New York City Slavery & Underground Railroad Tour
African-American history is hidden across the city, and this walking tour from Inside Out opens visitors’ eyes to the fight for freedom that took place across the city. From a Colonial burial ground with 419 Africans and African descendants interred that is now a National Historic Landmark to important sights along the Underground Railroad like a coffeeshop that was once home to David Ruggles, who helped hundreds escape from slavery, the two-hour tour touches on the slaves that history often overlooks and the true story of New Yorkers who risked everything to help them. Along the way, you’ll hear heroic tales and visit the former locations of homes and churches where seemingly small deeds had a huge impact on history.
DETAILS: Saturdays 2pm to 4pm; $31.50 (get tickets!), advance purchase only; Lower Manhattan (meeting place provided after purchasing)

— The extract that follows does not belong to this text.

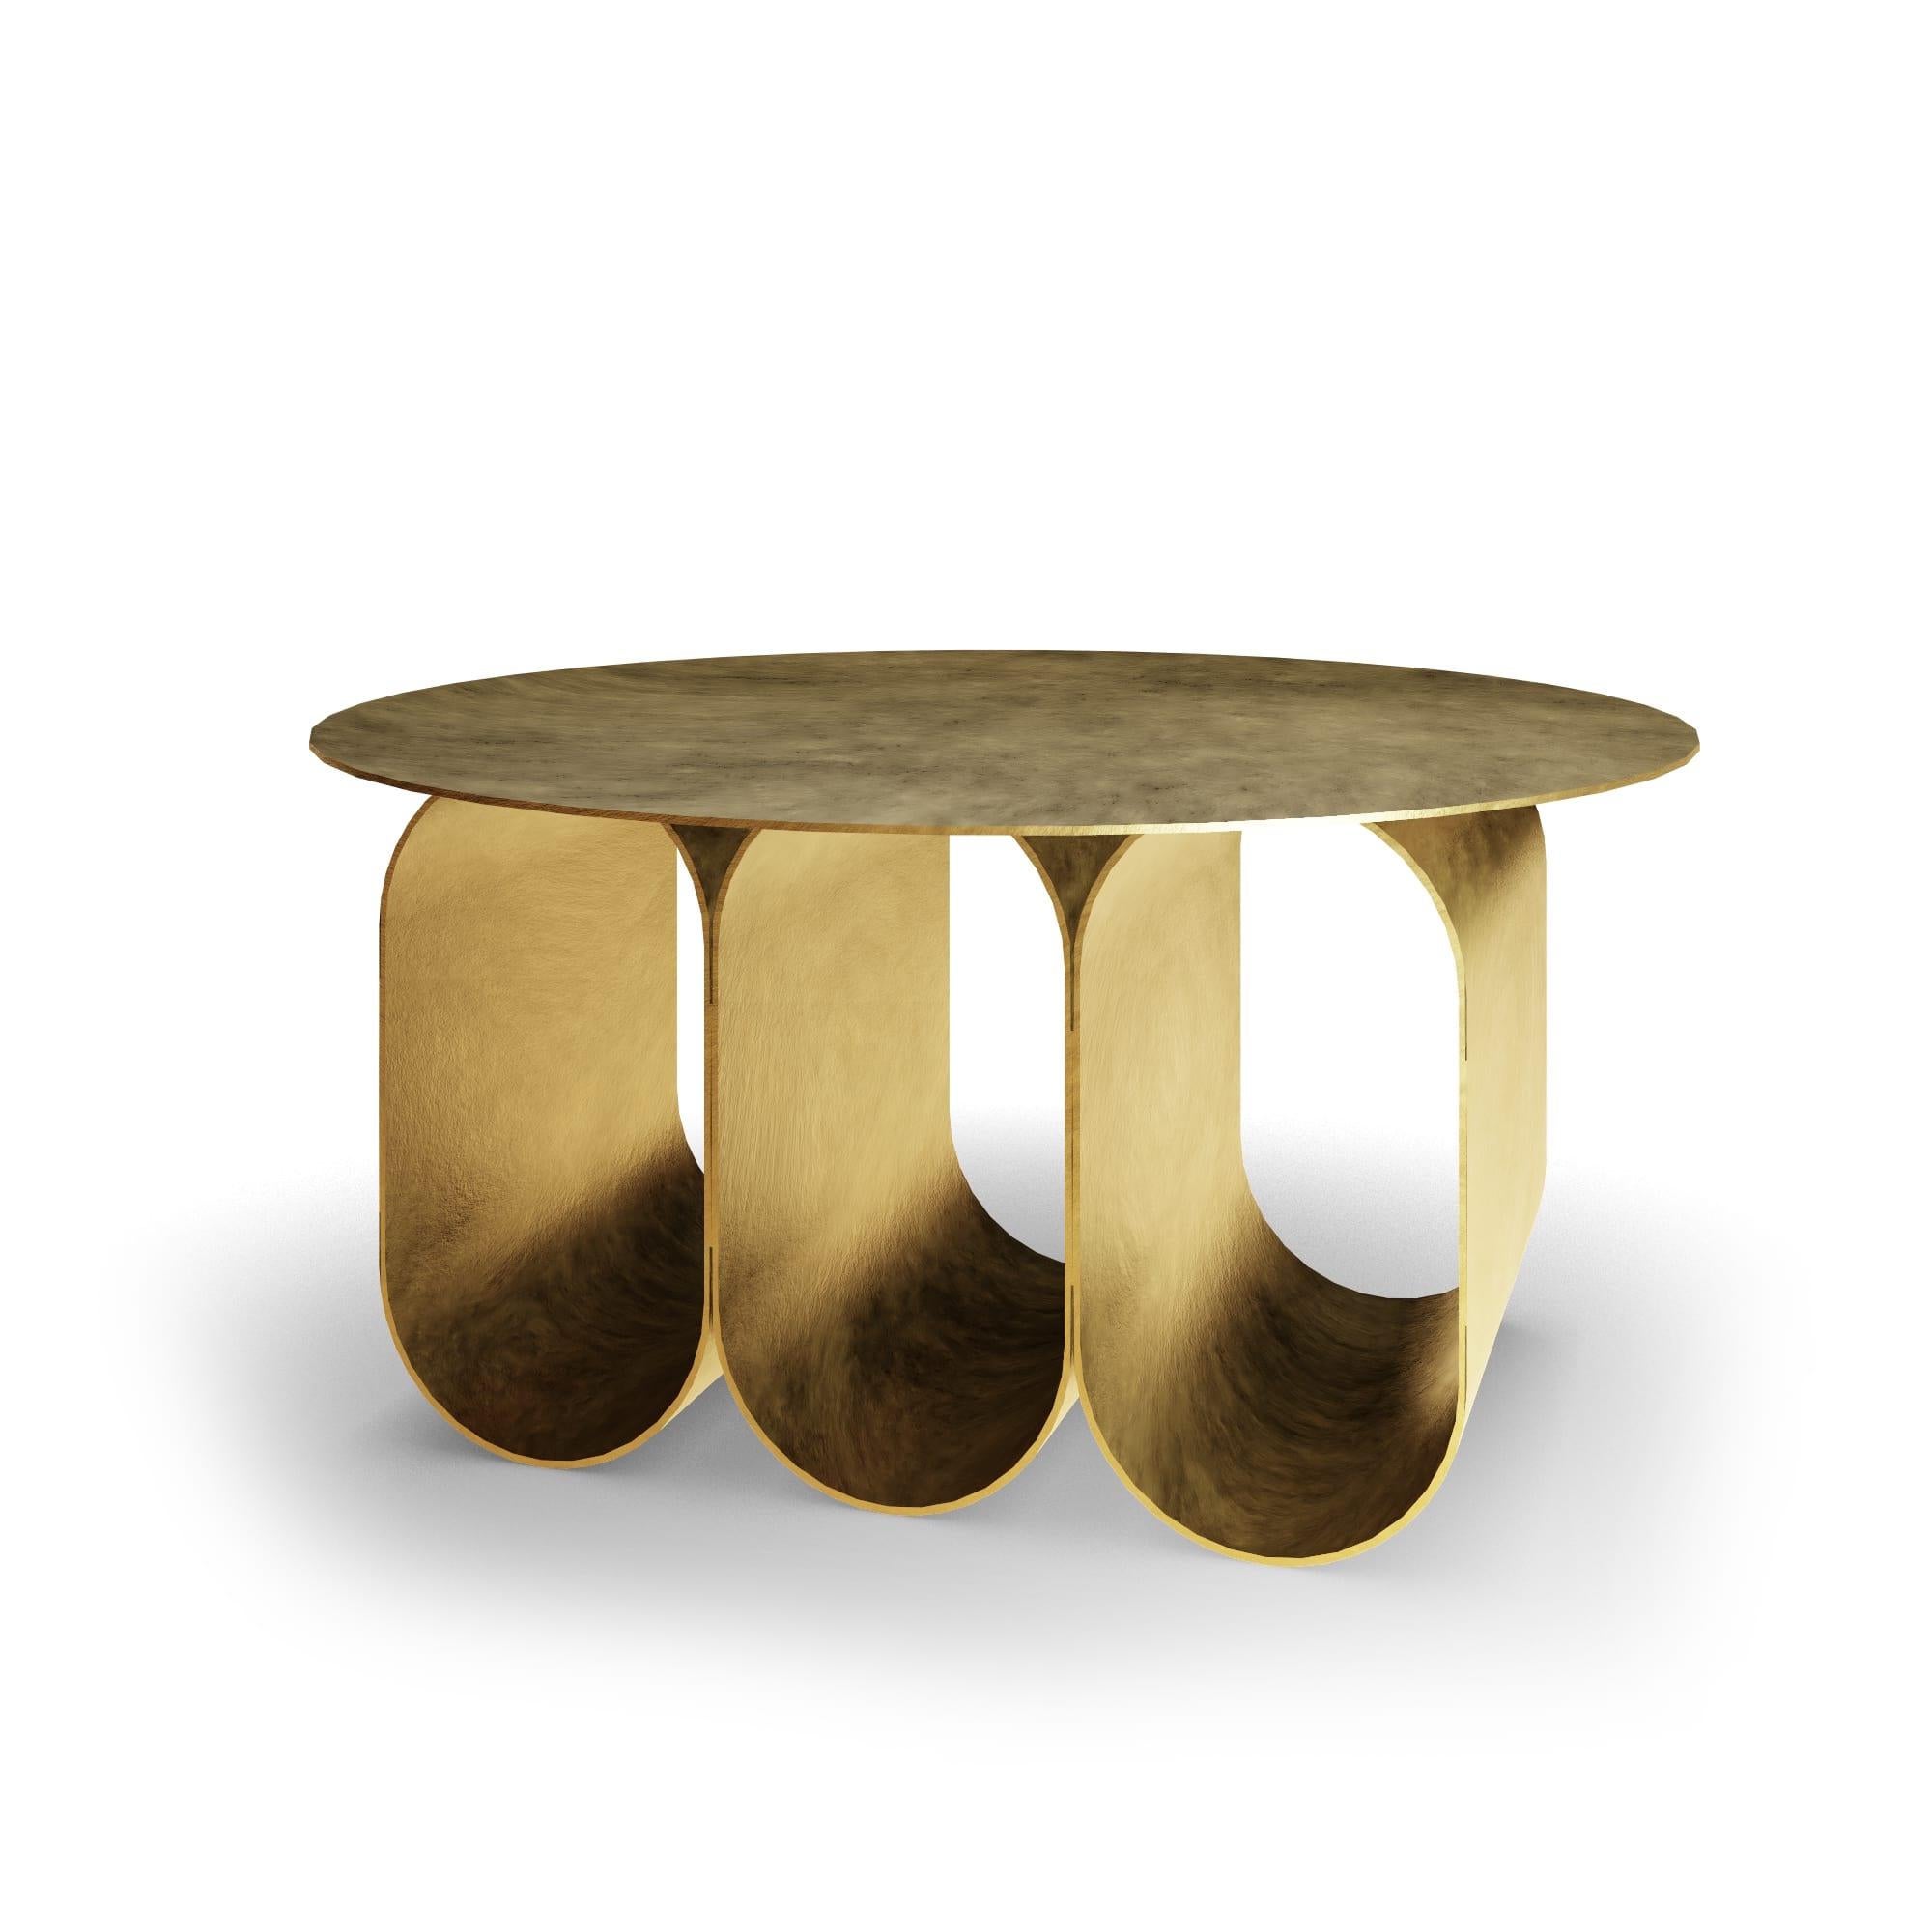 La table basse Arcade - version ronde 3 arches - or, a été créée par Kasadamo en collaboration avec Pierre Tassin, designer français. Cette table reflète un mélange d'architecture ancienne et futuriste. Son identité se retrouve dans les pieds

Weeksville Hunterfly Road Historic Houses
Though only rediscovered in 1968, Weeksville, a thriving village of free African-Americans, was established in 1838 as an independent community in the heart of Brooklyn. Founded just 11 years after the abolition of slavery in New York, it was in place a full 27 years before the end of the Civil War and the ratification of the 13th Amendment to the U.S. Constitution. To get insight into this amazing community, you’ll need to take a guided tour of Weeksville Hunterfly Road Historic Houses, three original properties dating from 1840 to 1883, which offer a look into the daily life of African-Americans in the 19th century.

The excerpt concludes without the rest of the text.